Yeah, perhaps the actual title would be better: "The Numerical Analysis of Differentiable Simulation". (Rather than the subtitle, which is itself a poor rewording of the actual subtitle in the video.)

Lerc

4 months ago

1 reply

With floats getting smaller and smaller in ML, It's hard to imagine anyone failing to learn this as one of their early experiences in the field.

The focus should not be on the possibility of error, but managing the error to be within acceptable limits. There's a hour long video there, and it's 3am, so I'm not sure how much of this covers management. Anyone familiar with it care to say?

Legend2440

4 months ago

1 reply

Floats are getting smaller and smaller only in neural networks - which works ok because NNs are designed for nice easy backprop. Normalization and skip connections really help avoid numerical instability.

The author is talking about ODEs and PDEs, which come from physical systems and don't have such nice properties.

storus

4 months ago

2 replies

Skip connections are about preserving identity, not to make it more numerically stable.

D-Machine

4 months ago

2 replies

I'm not sure your claim is correct, nor particularly precise. Skip connections do propagate feature maps from earlier to later/deeper in the network, and one can model this mathematically as using an identity function to do this, but I wouldn't say that this is "about preserving identity". Also, the reason the identity is useful here is because it prevents vanishing gradients (due to the identity function having an identity tensor as the gradient). Arguably, preventing vanishing gradients is exactly about numerical stability, so I would in fact argue that skip connections are there to make gradient descent of certain architectures more numerically stable.

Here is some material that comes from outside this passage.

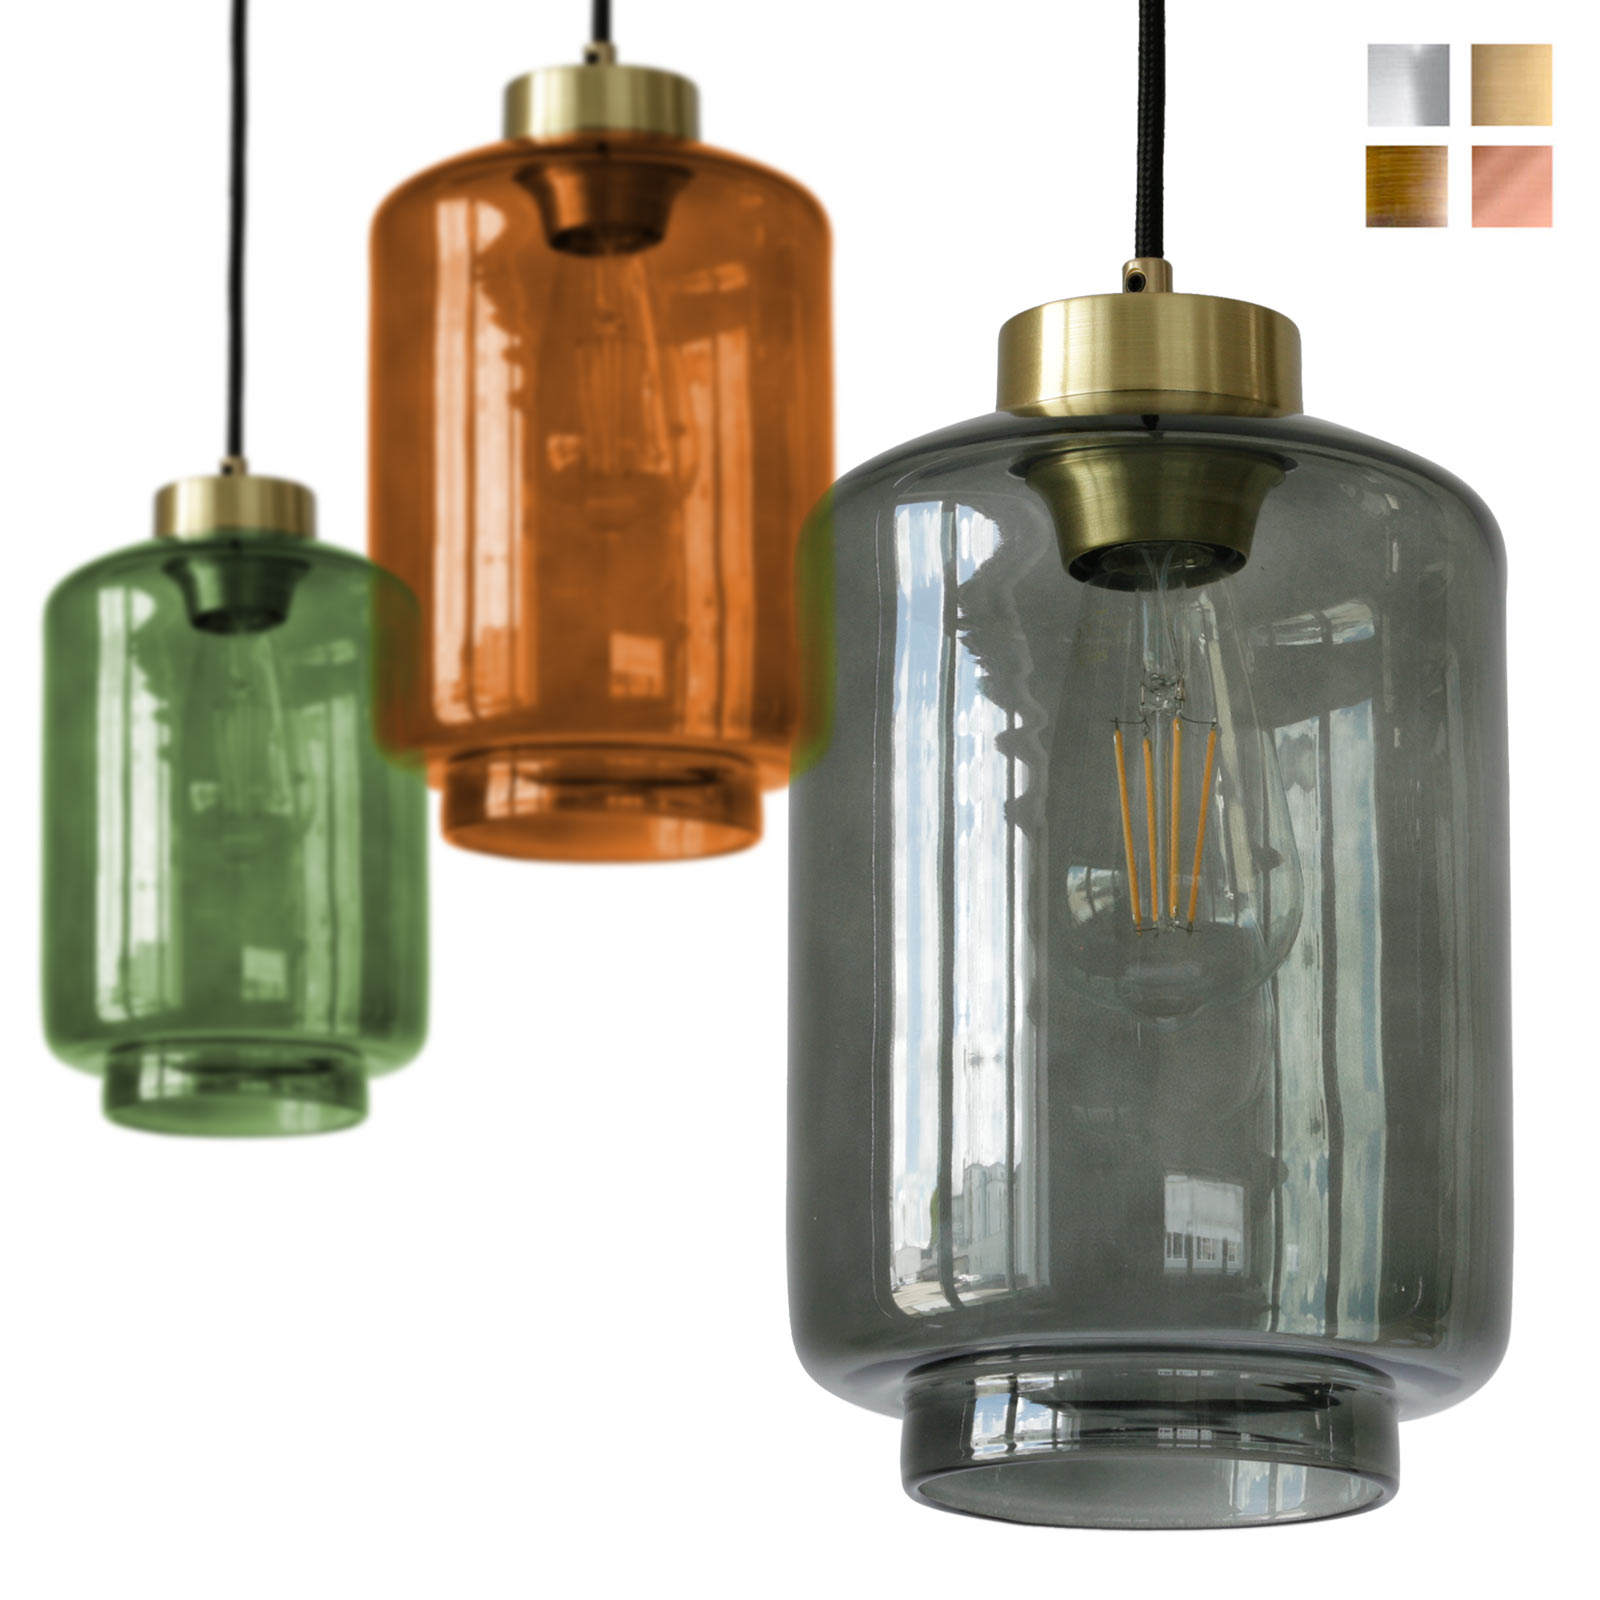 Schlanke Glas-Pendelleuchte in verschiedenen Glasfarben VISAY: Eine schöne, schlanke Glas-Hängeleuchte, in diversen Glas-Farben und Metallen erhältlich

EDIT: Just to provide some research support: https://arxiv.org/html/2405.01725v1#S5.SS4.5.1.1. I.e. skip connections do a lot of things, but most of these things boil down to making gradients better conditioned. Insofar as as one problem of poor conditioning is gradient vanishing, and vanishing is really only a problem because of the limited precision of floating point, it is hard for me to not think skip connections are primarily there for numerical stability, broadly.

One case supporting your point, though, where one might argue the "main" reason for skip connections is propagating information rather than for stability, is in LONG skip connections, as in U-Nets. There, since feature maps shrink with network depth, long skip connections are needed to bring high-resolution information from earlier layers to deeper ones.

godelski

4 months ago

1 reply

You're correct, I also added some info in a sibling comment that might interest you. But you might also be interested in reading the DenseNet paper[0]. While it's convs, the ideas still apply. There's actually a lot of research in this topic though they'll be in more "theory" papers and the ideas are slow to propagate into the mainstream works.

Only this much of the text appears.